难以填充的沉默沟壑中,身后地板传来咚咚咚的声响。
林知行扭头,看到一只奶牛猫跌跌撞撞地从其中一个房间走出来。
“是那只猫!”林知行立刻起身,走过去蹲下,想抱它又心有余悸地看了眼付明哲。
“可以抱,不过动作要慢一点。”付明哲给他演示,伸手抱起小猫再放下。
林知行学着他刚才的姿势,把小猫抱在怀里,腾出手抓抓它的头顶和耳后。
小猫舒服地发出咕噜咕噜的声音,和林知行刚吃完蒸苹果舒服叹气别无二样。
“你的猫很乖,几天就学会了去它自己的房间睡觉。”付明哲也摸摸小猫后背。
“我的猫为什么在你家?”
林知行咄咄逼人,本来是打算指责付明哲不直接把猫抓给他,结果侧脸瞪付明哲的时候,发现付明哲站得很近,比他高出半个头,眼底明显笑意,两道身影重叠投射在地板上,既暧昧又温馨。
“......”林知行提高声音,“我明天让司机过来接它。”
“可以。”
付明哲这次没有拦他,挽袖把餐桌的碗勺端去厨房,然后去小猫的房间准备把东西打包收拾好。
林知行放下有些挣扎的小猫,跟过去发现小猫房间里塞得满满当当,各式各样的小猫玩具。
小猫摇摇晃晃地去蹭付明哲拖鞋,这一幕让林知行生动形象地理解了什么叫慈父多败儿。
“这么多东西怎么拿?”林知行上前检查,指示他哪些打包哪些直接扔掉,“这些不要了,我会让人准备好。”

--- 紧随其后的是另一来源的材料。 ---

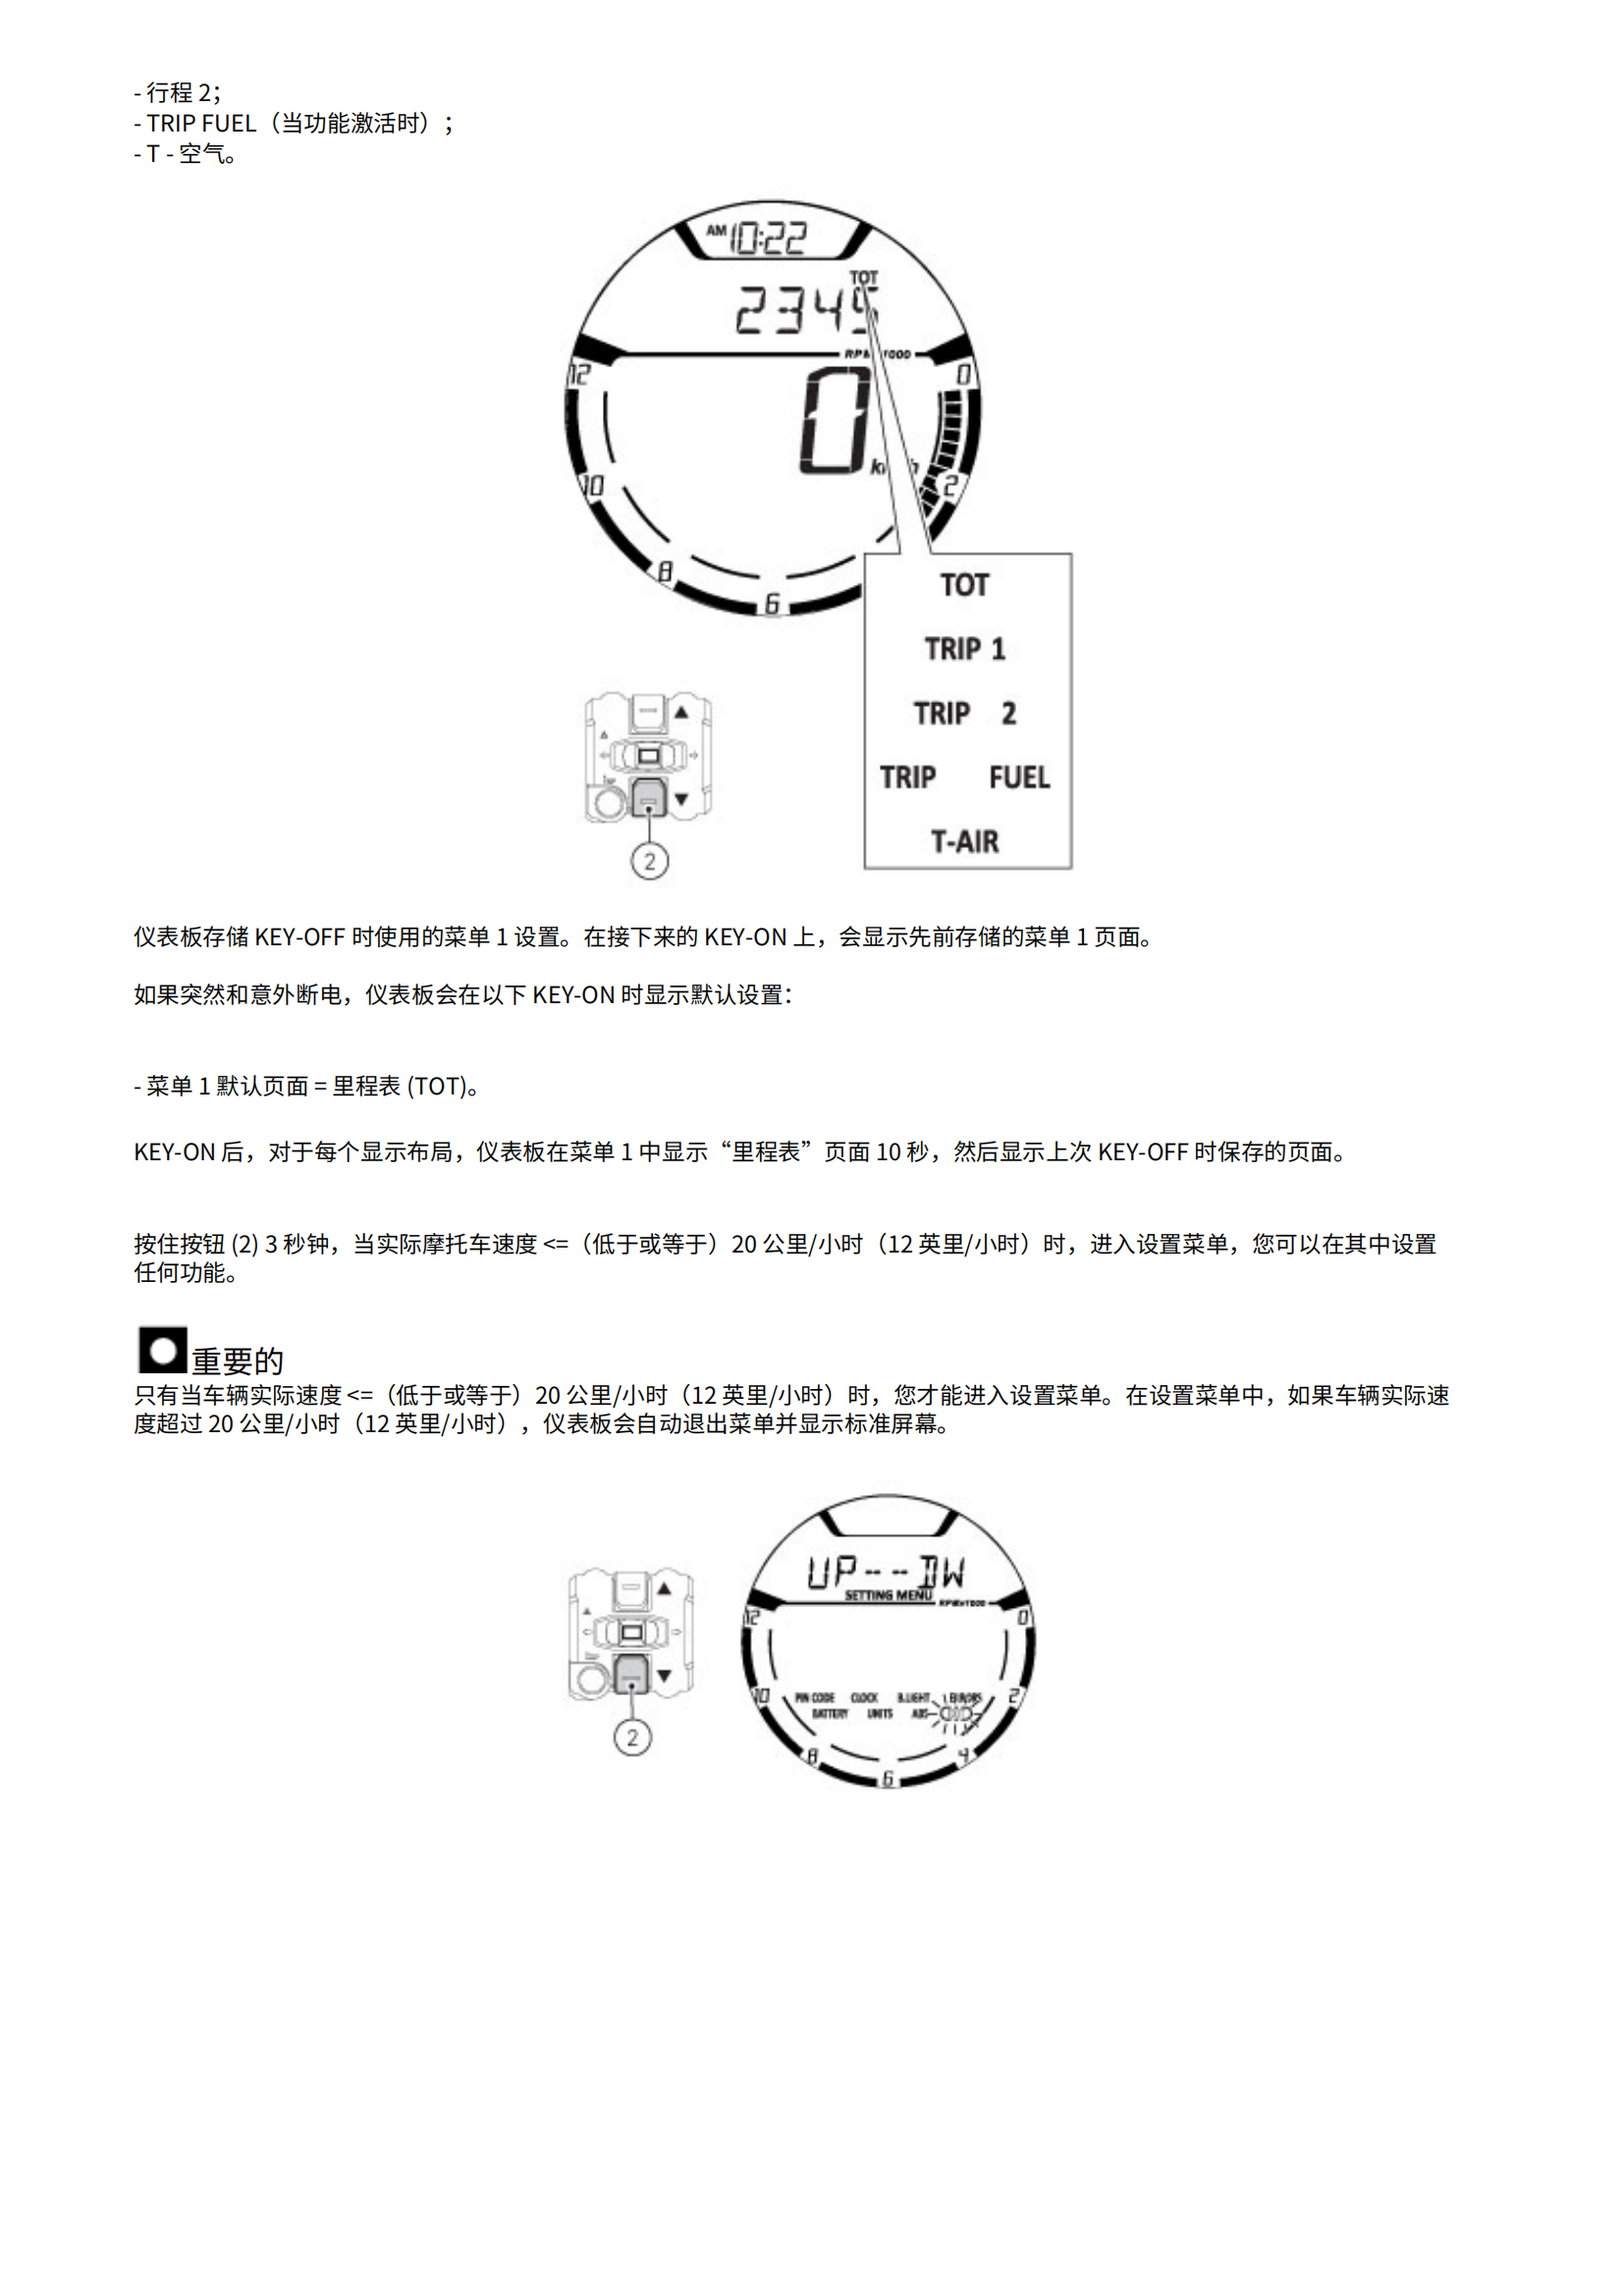 简体中文2015年杜卡迪自游800维修手册scrambler 800维修手册插图2
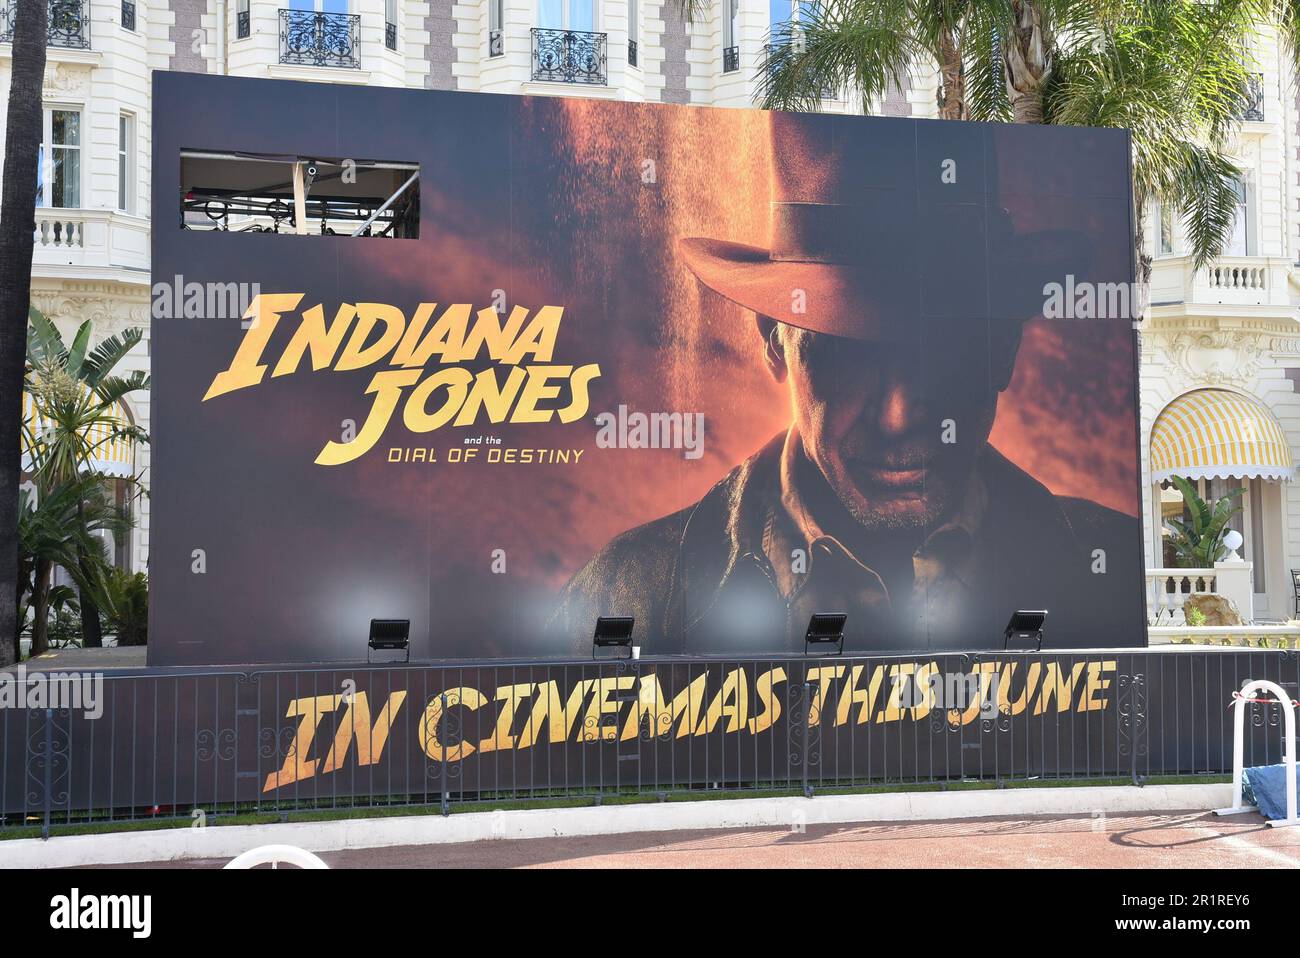 Francia, Cannes, decorazione pubblicitaria sulla croisette per il film Indiana Jones con Harison Ford, questo film è la quinta e ultima parte di questa saga. Foto Stock

“你们家又不是没地方放,干嘛扔掉?”付明哲把小猫放在那个巨型猫窝上,“它很喜欢。”
接着付明哲告诉林知行小猫有哪些习惯,要怎么帮它复健,每天陪它玩多久,事无巨细,林知行怀疑他夸大其词,养猫哪有这么麻烦。
林知行看着小猫,后遗症让它几乎无法保持站立,也许为了适应付明哲家它做了很多努力,要是把它带回别墅,不知道它能不能习惯,会不会应激。
好烦。
林知行发现和付明哲有关的一切都很被动,总是被裹挟着向前,等清醒过来发现早已大事不妙。
“算了,先放你这里寄养着。”林知行嘴角平平,闷闷不乐的表情,“只是寄养,不是给你了,我想什么时候来接就什么时候来接。”
“听你的。”付明哲笑。
已经过了十点,林知行觉得没有回家的必要了,他让付明哲给他找套衣服,他要洗澡。
付明哲从卧室取出一套睡衣,担心他嫌弃,和他解释:“这是前两年买的,放在衣柜里一直没有穿过。”
住别人家里,林知行也没有那么多要求,他拿上睡衣走进浴室,洗完澡围着浴巾出来,站在镜子前吹头发。
吹风机的噪声停下,林知行先套上睡裤,拿起上衣的时候看到露出的标签,他翻出来扭正看了眼,平直的嘴角牵出僵硬又无奈的苦笑。
这根本不是两年前的款式,这分明是今年刚推出的新款,如果没有穿在身上,林知行都怀疑付明哲是不是有男朋友。
可偏偏它大小胖瘦都这么合身。
林知行从浴室出来,坐在沙发上的付明哲正在看纪录片,察觉到他不高兴,笑着问:“怎么又不开心了?”
“没有。”林知行把猫抱上来,试图分散他的郁闷。
“你要不要先帮小猫取个名字?”付明哲给他倒了杯温水,贴心地帮他垫好靠背。
有件事情转移注意力也好,林知行盘起腿,看着在沙发上一瘸一拐的小猫,认真地思忖了一番,最后说:“叫跛跛怎么样?”
他自我惯了,也不等付明哲的点头,一锤定音,边逗弄小猫边喊它:“跛跛。”
小猫冲林知行喵了一声。
付明哲跟哄小孩似的,非常捧场地说:“看样子它很喜欢跛跛这个名字,这段时间都没有这么温柔地冲我叫过。”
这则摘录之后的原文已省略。